Jacqueline Vaessen, Managing Director of Nexstep, national platform for reuse and decommissioning: “Together with a number of operators and TNO, this idea arose about two years ago from a brainstorming session of the ‘Re-purpose’ working group within Nexstep. We looked at what the best location would be to host this pilot and then arrived at Neptune Energy’s Q13a-A, since that platform is already fully electrified using green electricity.”
PosHYdon seeks to validate the integration of three energy systems in the Dutch North Sea: offshore wind, offshore gas and offshore hydrogen and will involve the installation of hydrogen-producing plant on the Neptune Energy-operated Q13a-A platform. The Q13a-A is the first fully electrified platform in the Dutch North Sea, located approximately 13 kilometres off the coast of Scheveningen (the Netherlands).

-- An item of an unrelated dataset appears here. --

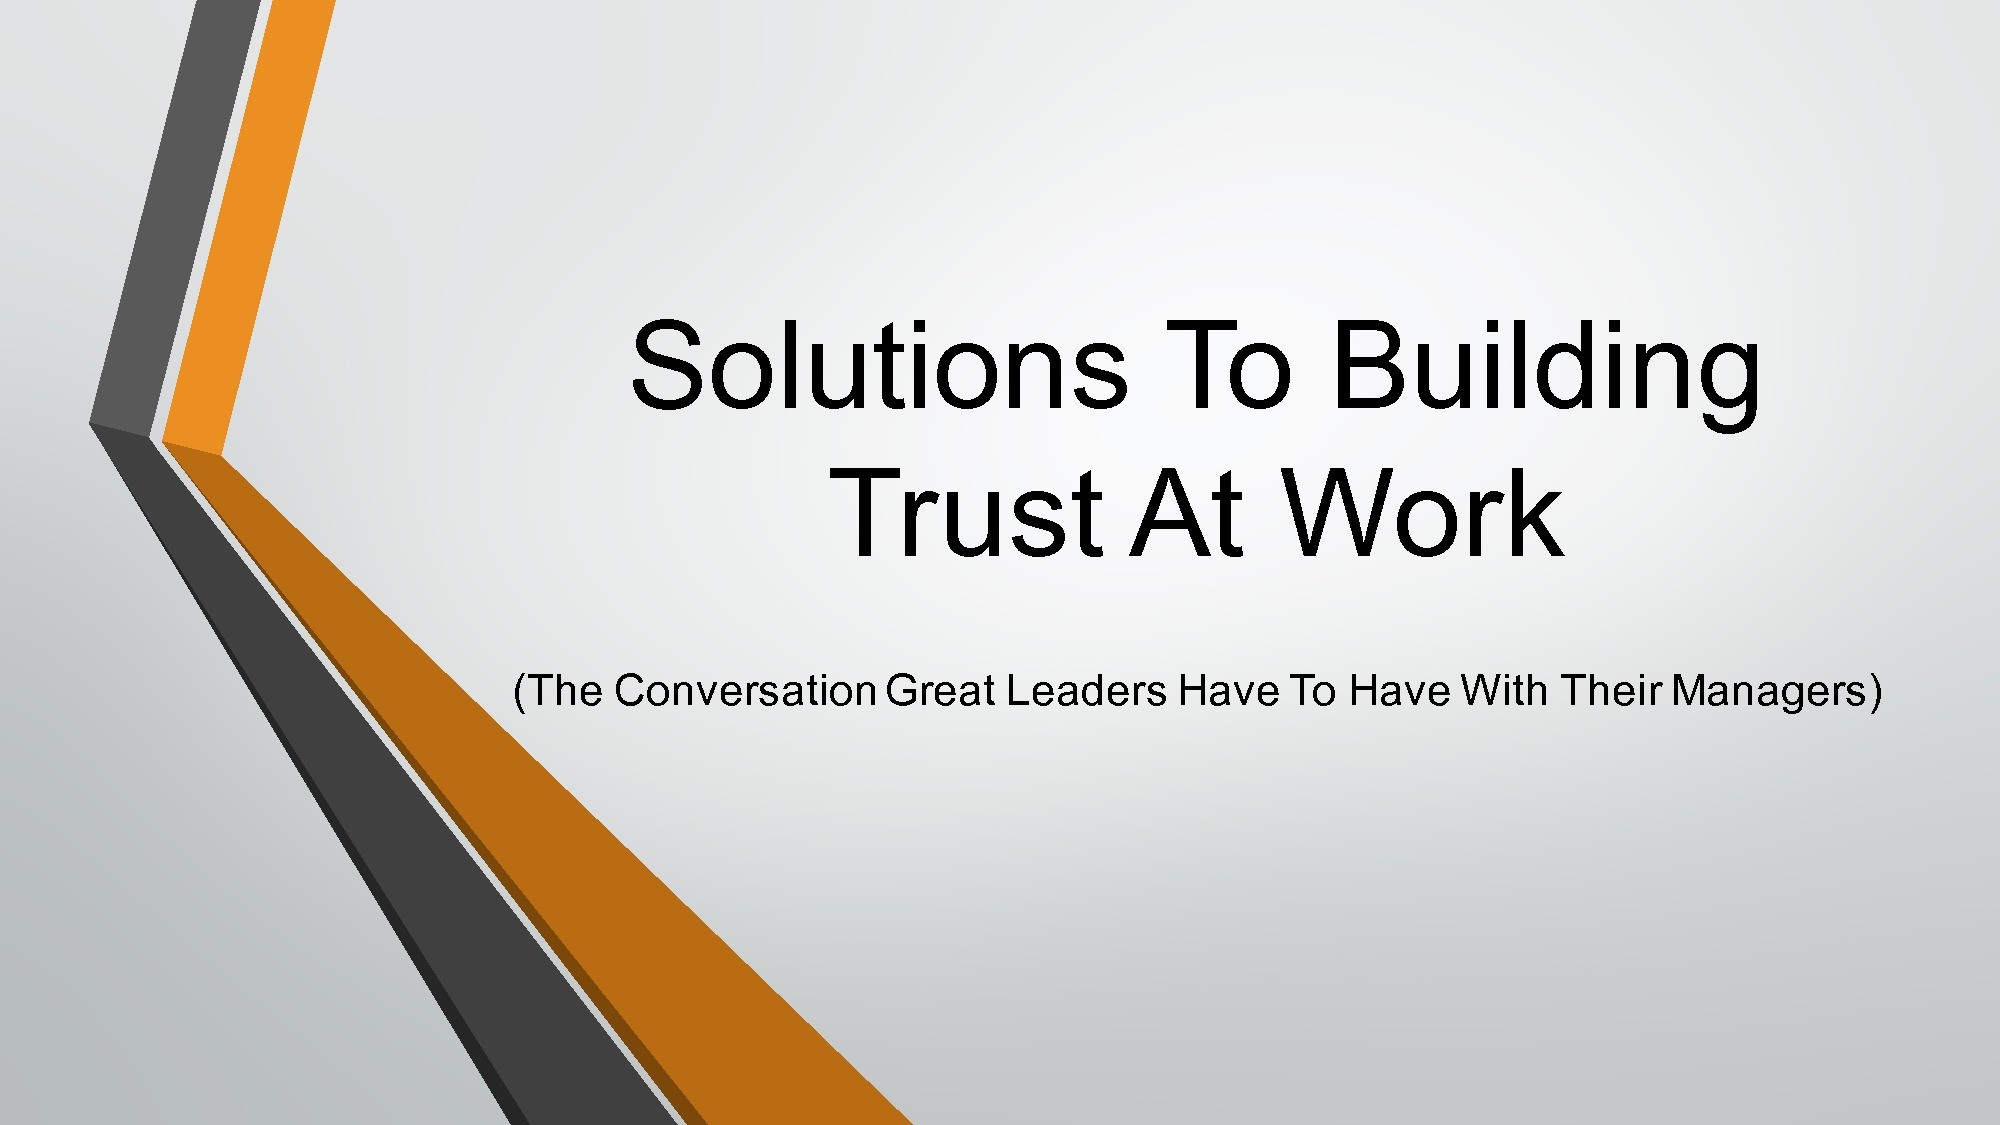 Solutions To Building Trust At Work

Electricity generated by offshore wind turbines will be used to power the hydrogen plant on the Q13a-A platform, converting seawater into demineralized water, then into hydrogen via electrolysis. The aim of the pilot is to gain experience of integrating working energy systems at sea and the production of hydrogen in an offshore environment. In addition, in this project the efficiency of an electrolyser with a variable supply from offshore wind will be tested, and at the same time knowledge and insights on the costs for the offshore installation as well as maintenance costs will be obtained.
The green hydrogen will be mixed with the gas and transported via the existing gas pipeline to the coast. The 1 MW electrolyser will produce a maximum of 400 kilogrammes of green hydrogen per day.